To be frank, I don't think the United States would have praised China even if the latter had fulfilled the mission impossible of realizing an advanced economy, education, health and human services by finding a Lamp. For example, the U.S. Department of State says in its 1997 Report on Tibet Human Rights, "Overall, government development policies have helped raise the economic living standards of many ethnic Tibetans." Yet, in the same document it criticizes, "China's economic development policies, fueled in Tibet by central government subsidies, are modernizing parts of Tibetan society and changing traditional Tibetan ways of life...," and "risk undermining Tibet's unique cultural, religious and linguistic heritage."

In accordance with this logic, only when Tibetans are denied a modern civilization and kept captive in a primitive society with no access to electricity and machines, can their culture be preserved. The UN Declaration on the Right to Development, however, states that "the right to development is an inalienable human right." I wonder if the United States really respects Tibetan people's human rights when it attempts to deprive these people of their right to development.

Double-talk

The Dalai Lama has also used a catch-22 to work for him. In an interview with The New York Times in 1993, he expressed worries over the population problem and proposed birth control as a solution. On the other hand, he accuses the Chinese Government of carrying out "genocide" by allowing each urban Tibetan couple to have two children. The fact is that a Han couple, living in either Tibet or other Chinese regions, is allowed to have only a single child. The Chinese Government doesn't implement family planning among Tibetan farmers and herds people and provides them with free medical services. As a result, Tibet's population of farmers and herds people has grown rapidly, with increasing demand for meat food ensuing. Since the area of Tibet's pastures do not grow, to breed more cattle and sheep on them inevitably leads to overgrazing and causes severe desertification and deterioration of the pastures. Tibetan farmers and herds people's preference of grass roots as fuel also aggravates the situation. I have seen vendors of grass roots in Lhasa. But this has become an excuse for the Dalai Lama to criticize the Chinese Government for destroying Tibet's ecosystem. If the Chinese Government had required Tibetan farmers and herds people to practice family planning, I believe the Dalai Lama would have used it to make up another story about "ethnic genocide."

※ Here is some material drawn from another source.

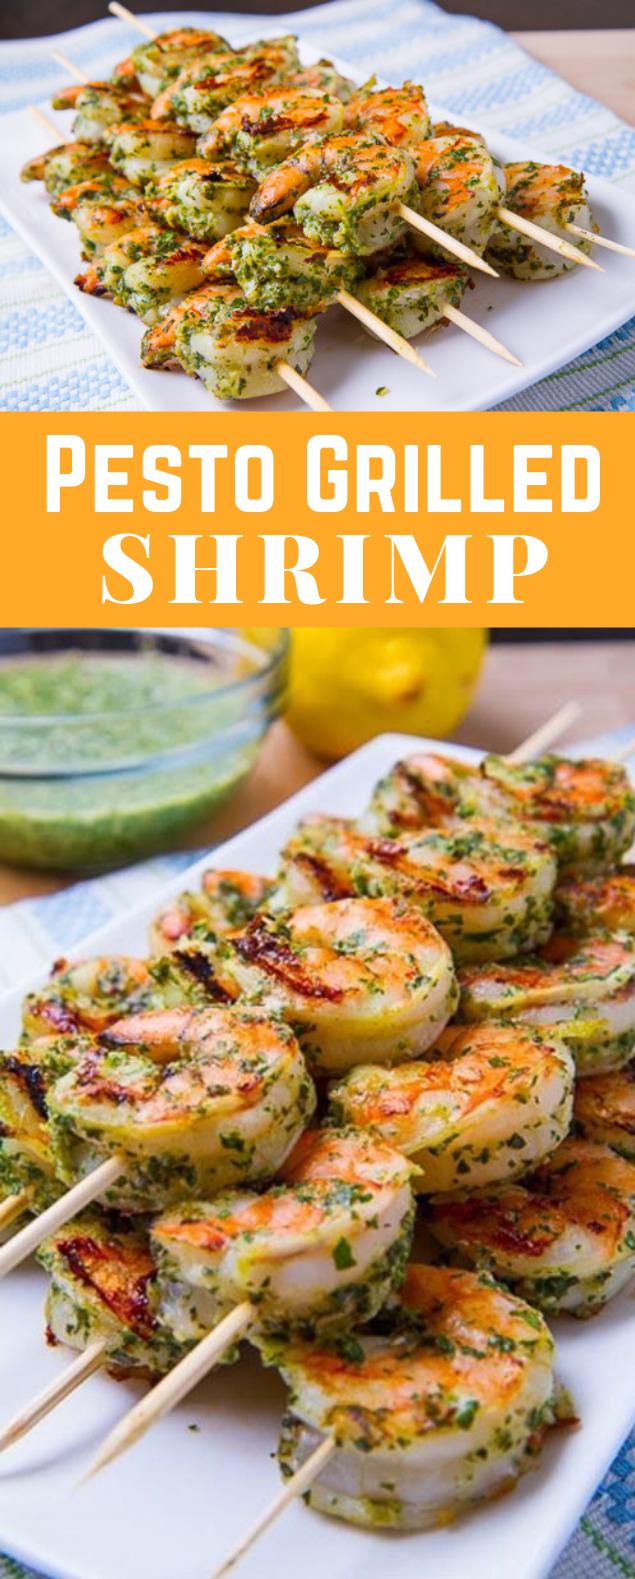 Pesto Grilled Shrimp #BBQ #Weeknight

The Dalai Lama has always said that the right to national self-determination is a basic human right. When asked to comment on aboriginal inhabitants' "independence" bid during a visit to Hawaii, the Dalai Lama, for fears of offending his patrons on the U.S. mainland, declined to clarify his stand, saying that he was unfamiliar with the situation.

The Tibet card

The reason why Western powers have energetically played the Tibet card is that they do not want to see a prosperous and strong China. They therefore spare no effort to break up China. This is neither an ideological nor a cultural conflict. It is a new Cold War that was launched by white Western chauvinists to restrain China's development. In order to serve the needs of the new Cold War, mainstream Western media have released a large number of distorted reports on the Tibet issue. Many white Westerners have accepted the groundless accusations against China for the same reason.

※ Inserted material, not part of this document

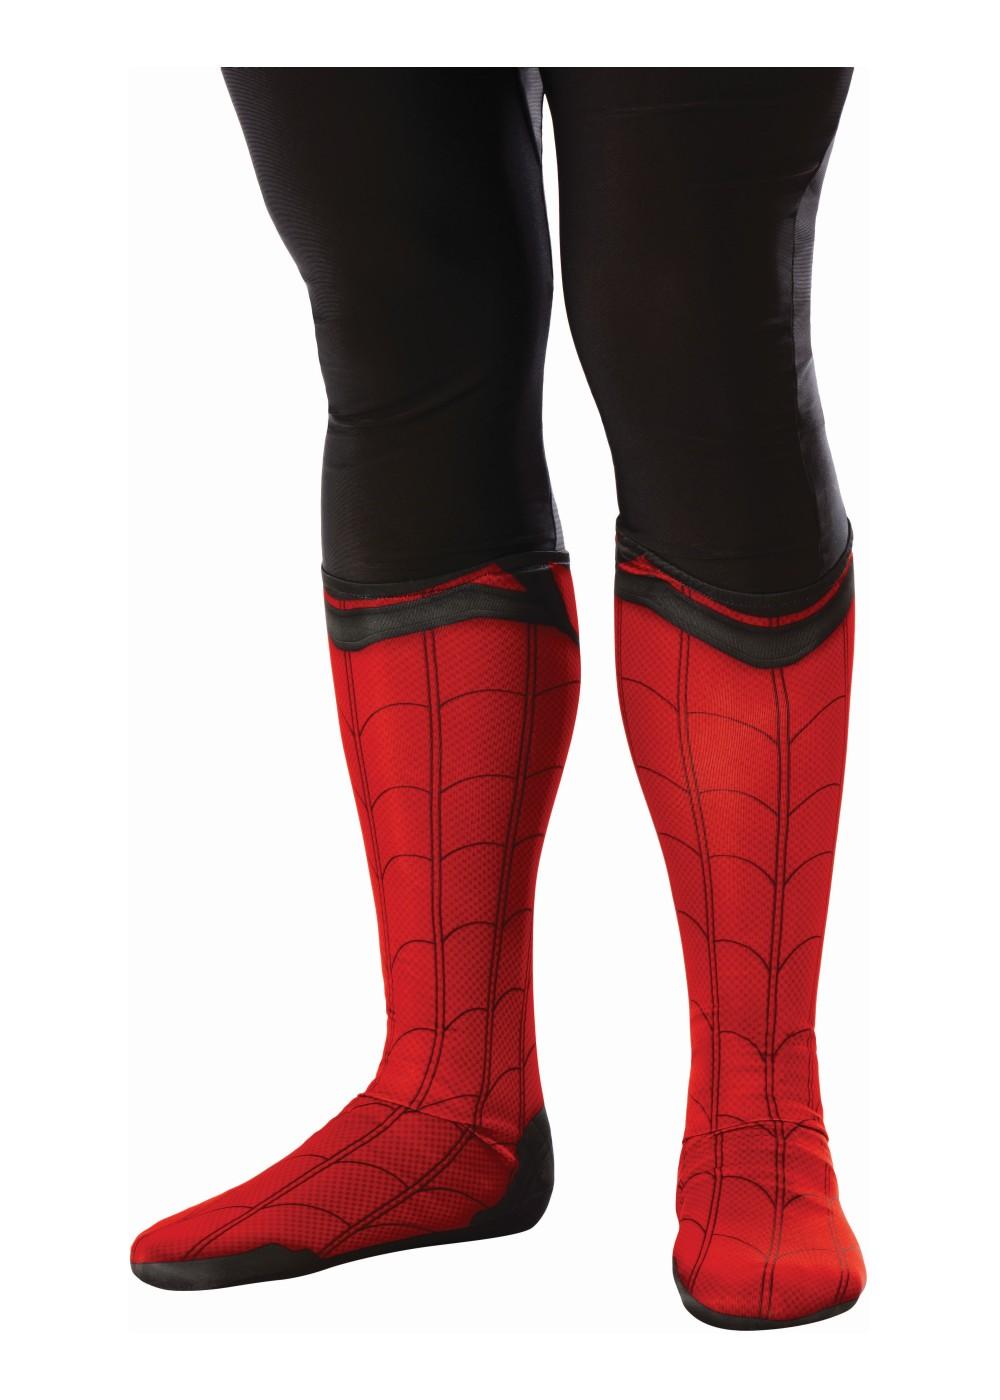 Spiderman Shirts For Men

Western hegemonists have paid close attention to China's 6 million Tibetans and 6 million Uygurs. But it's a daydream that they can dust the eyes of the 12 million Tibetans and Uygurs and drive them to engage in secessionist efforts and subvert the Communist Party of China-led Chinese Government. Western media have wantonly accused the Chinese Government of instigating nationalism. During the March 14 riots in Lhasa this year, 17 innocent Han people, including a baby, were burnt to death by "Tibet independence" mobs. How would European and American people react if tragedies of this kind happened in their countries? Their support of the Dalai Lama's "Tibet independence" bid and their connivance at "Tibet independence" mobs' violent crimes of beating, smashing, looting, burning and killing have fully exposed the false nature of "freedom," "democracy" and "human rights" that they advocate.